Les troubles de la thyroïde se manifestent de plus en plus fréquemment, affectant un nombre croissant de personnes. Si les symptômes peuvent être subtils et variés, un diagnostic précoce et une prise en charge adaptée sont essentiels pour améliorer la qualité de vie.
La glande thyroïde, située à la base du cou, sous la pomme d’Adam, joue un rôle crucial dans la régulation du métabolisme, de la croissance et du développement. Un dysfonctionnement peut prendre différentes formes : hypothyroïdie (thyroïde sous-active), hyperthyroïdie (thyroïde hyperactive), ou encore des maladies auto-immunes comme la thyroïdite de Hashimoto et la maladie de Basedow. L’hypothyroïdie subclinique, une forme moins marquée, est également de plus en plus souvent diagnostiquée.
Les symptômes d’une thyroïde sous-active peuvent inclure une fatigue persistante, des difficultés de concentration (« brouillard cérébral »), des irrégularités menstruelles, une peau sèche, une prise de poids inexpliquée, des douleurs musculaires, de la constipation, voire des symptômes dépressifs ou anxieux. À l’inverse, une thyroïde hyperactive peut se traduire par une accélération du rythme cardiaque, des palpitations, de l’anxiété, une peau chaude et moite, des troubles du sommeil, une perte de poids malgré un appétit accru, et une sensation de faiblesse.
Il est important de souligner que la présence de ces symptômes ne signifie pas nécessairement un problème thyroïdien. Cependant, si plusieurs d’entre eux persistent, une consultation médicale est recommandée pour effectuer des analyses appropriées.
L’hormone stimulant la thyroïde (TSH), produite par le cerveau, est un indicateur clé de la fonction thyroïdienne.
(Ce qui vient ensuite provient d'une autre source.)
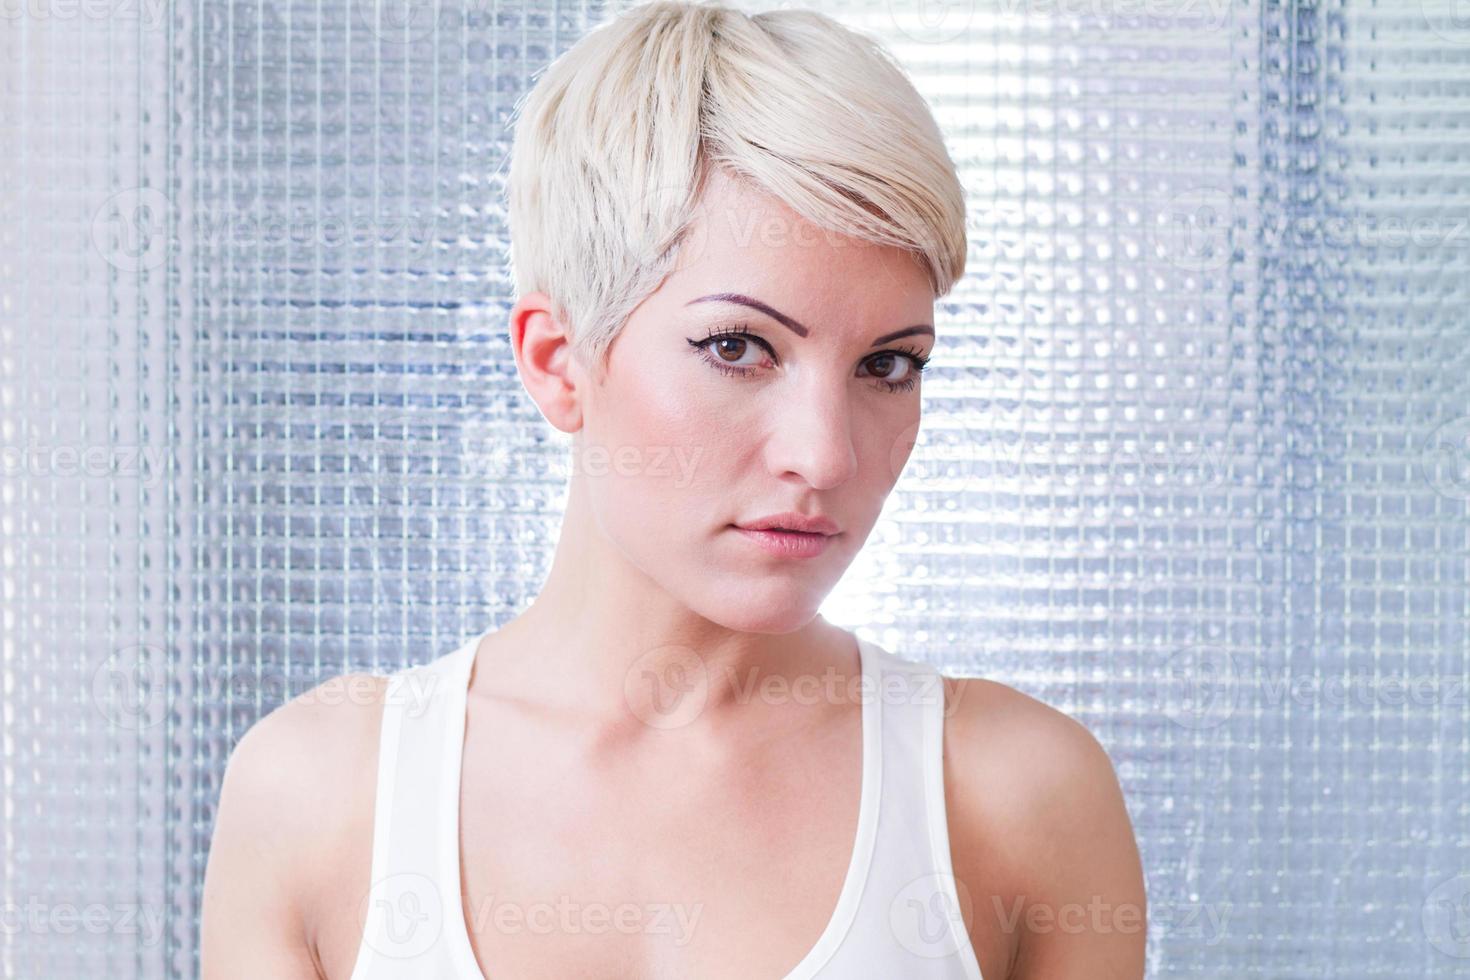 2. How to style short blonde hair for yoga - wide 2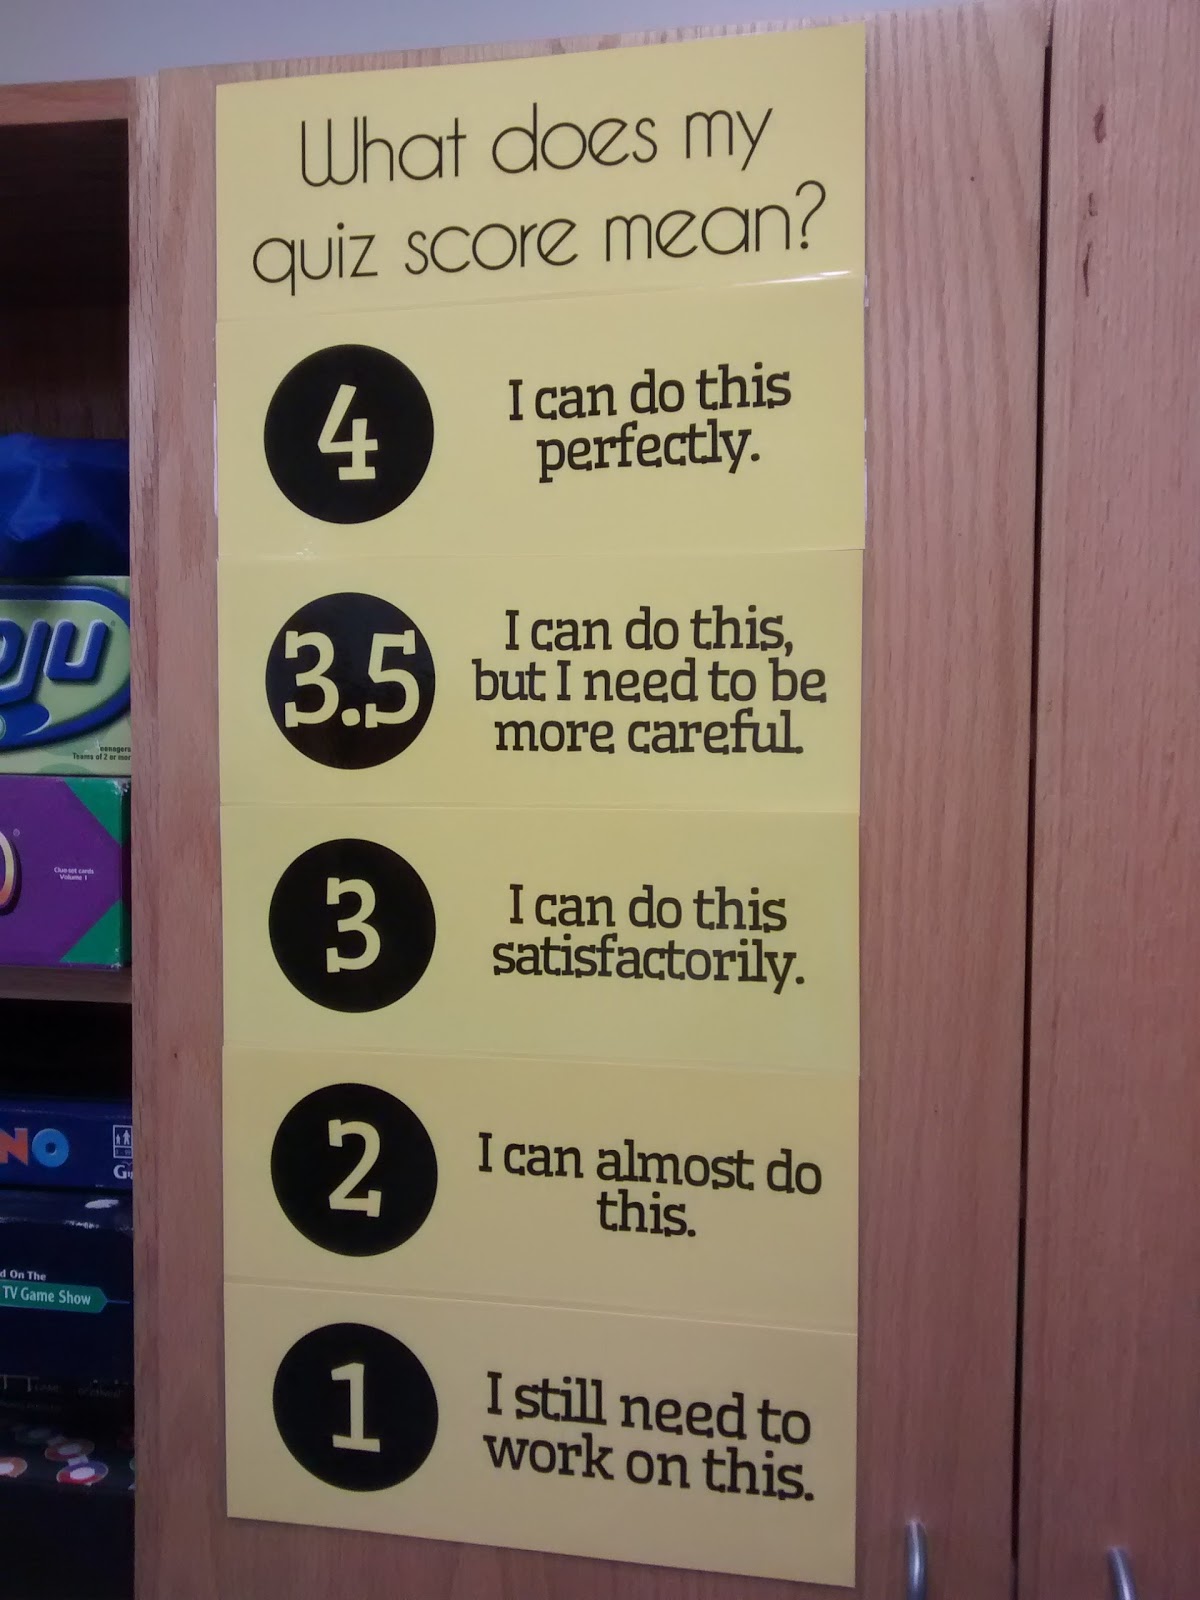 SBG Posters - What does my quiz score mean - Standards Based Grading

Elle incite la glande thyroïde à produire les hormones thyroïdiennes T3 et T4. Le cerveau ajuste ensuite la quantité de TSH sécrétée en fonction des niveaux d’hormones thyroïdiennes détectées, assurant ainsi un équilibre délicat. Une valeur de TSH considérée comme « normale » se situe généralement entre 0,450 et 4,500 UI/mL, mais cette fourchette peut varier légèrement d’un laboratoire à l’autre.
Prenons l’exemple d’une personne dont la TSH est de 2,40 uUI/mL. Son cerveau envoie ce signal à la thyroïde, qui produit et libère les hormones nécessaires. Si le cerveau estime que davantage d’hormones sont nécessaires, il augmentera la production de TSH. Si cette augmentation persiste et que la TSH dépasse la plage normale, par exemple en atteignant 5,00 UI/mL, cela peut indiquer une hypothyroïdie primaire.
Cependant, se fier uniquement à la TSH pour évaluer la fonction thyroïdienne peut être trompeur. La plage de référence est une fourchette, et une valeur considérée comme normale peut en réalité être différente pour chaque individu. De plus, le corps peut compenser un dysfonctionnement thyroïdien pendant un certain temps avant que la TSH ne soit affectée. Dans certains cas, des anticorps thyroïdiens élevés peuvent indiquer un processus auto-immun en cours, même si la TSH reste dans la plage normale.
C’est pourquoi une analyse plus approfondie, incluant d’autres marqueurs de la fonction thyroïdienne, est souvent nécessaire pour obtenir un diagnostic précis et personnalisé. Plus un trouble thyroïdien est détecté tôt, plus il est facile à traiter et à corriger.